The registration process is available online and allows you to get your confirmation right away. You'll just need to select your test date and testing center when you register, along with uploading a photo of yourself. This is also the time to choose which schools you want to receive your test scores. Your admission ticket will be available after you register, and you'll need to bring this with you on the day of your test. Note that you can't use a calculator for this test, but you will need to bring pencils and a photo ID.
Scoring the SAT Subject Test - Physics
You'll find your scores online a few weeks after your test date. Content area tests are scored on a scale of 200 to 800 points. You get one point for each correct score, and fractional deductions are made for each incorrect score. No points are deducted for questions that you leave blank. The score report is also sent to your high school and the colleges you selected at registration.

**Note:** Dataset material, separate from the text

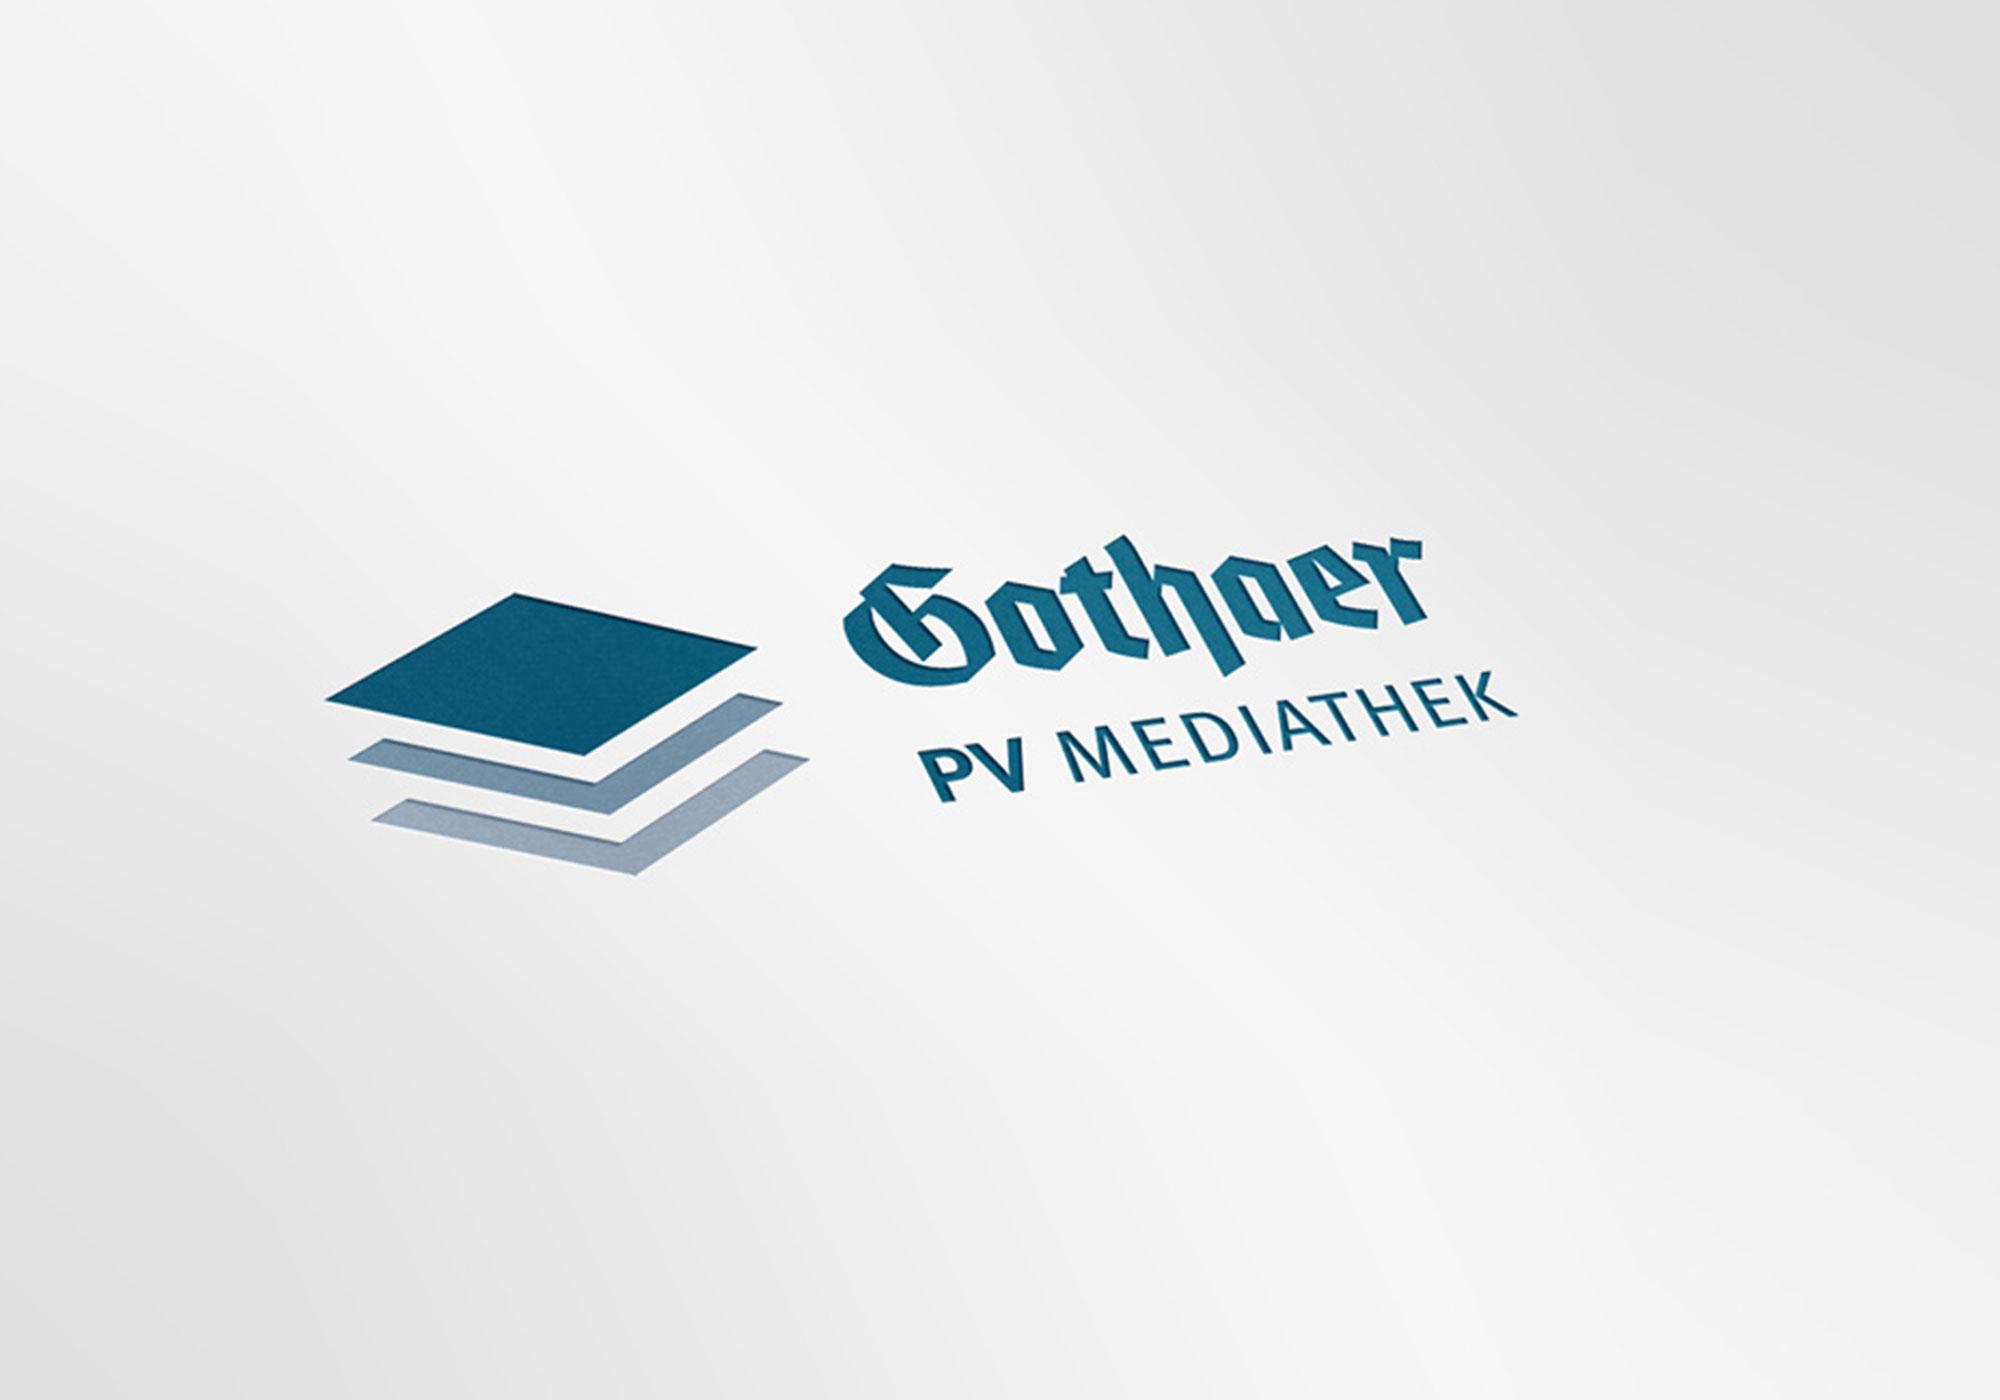 001_Mediathek_Logo

You'll see questions covering kinematics, dynamics and circular motion. You'll also need to apply basic physics principles to problems on energy and momentum, simple harmonic motion and gravity. You'll want to be familiar with formulas for speed and velocity, and you should be able to define acceleration and recognize its formula. You'll also need knowledge of the differences between potential and kinetic energy. You might be asked to apply Newton's laws of motion or explain laws like Kepler's laws of planetary motion or the law of gravitation.
Electricity and Magnetism
In this section of the test, you'll be asked about electric fields, capacitance, circuit elements and magnetism. You'll need to know how Coulomb's law is used to explain the relationship between force, distance and charge and what the equation and uses are for Ohm's law. You'll need to be familiar with the definition for magnetic force, and you might need to explain what a magnetic field is. You can expect to see questions on electric potential, electric force fields, parallel-plate capacitors and Faraday's law.
Waves and Optics
This section asks you to apply physics properties to questions on reflection and refraction, physical optics and ray optics. You should be familiar with the methods used to measure waves and know how to measure wavelength and wave speed. You could also be asked about applications for the Doppler Effect or how color and light are related. This section will also test your knowledge of how images are formed in mirrors and lenses and why Snell's law is used to determine how light waves are bent. Other concepts covered in this section include single-slit diffraction and polarization.
Heat and Thermodynamics
This section focuses on thermal properties and laws of thermodynamics. You'll need to know how temperature is expressed and what happens to a substance's temperature when heat is added or removed. You could be asked about the calculation for specific heat or the process of thermal expansion. You should be familiar with the first and second laws of thermodynamics and prepared to apply these laws to different problems.
In this section, you'll see questions on Quantum phenomena and relativity. You should be prepared to answer questions on atomic theory and nuclear and particle physics. You might be asked about the importance of the Bohr model and its connection to earlier theories, like the Rutherford model. You'll need to be familiar with the different types of nuclear reactions and be able to explain various theories on relativity.
This section features questions on the historical aspects of physics and focuses on your ability to perform graphical analysis or use math to solve problems. Be prepared for questions on astrophysics and applications for chaos theory in addition to questions focused on the phenomenon of superconductivity.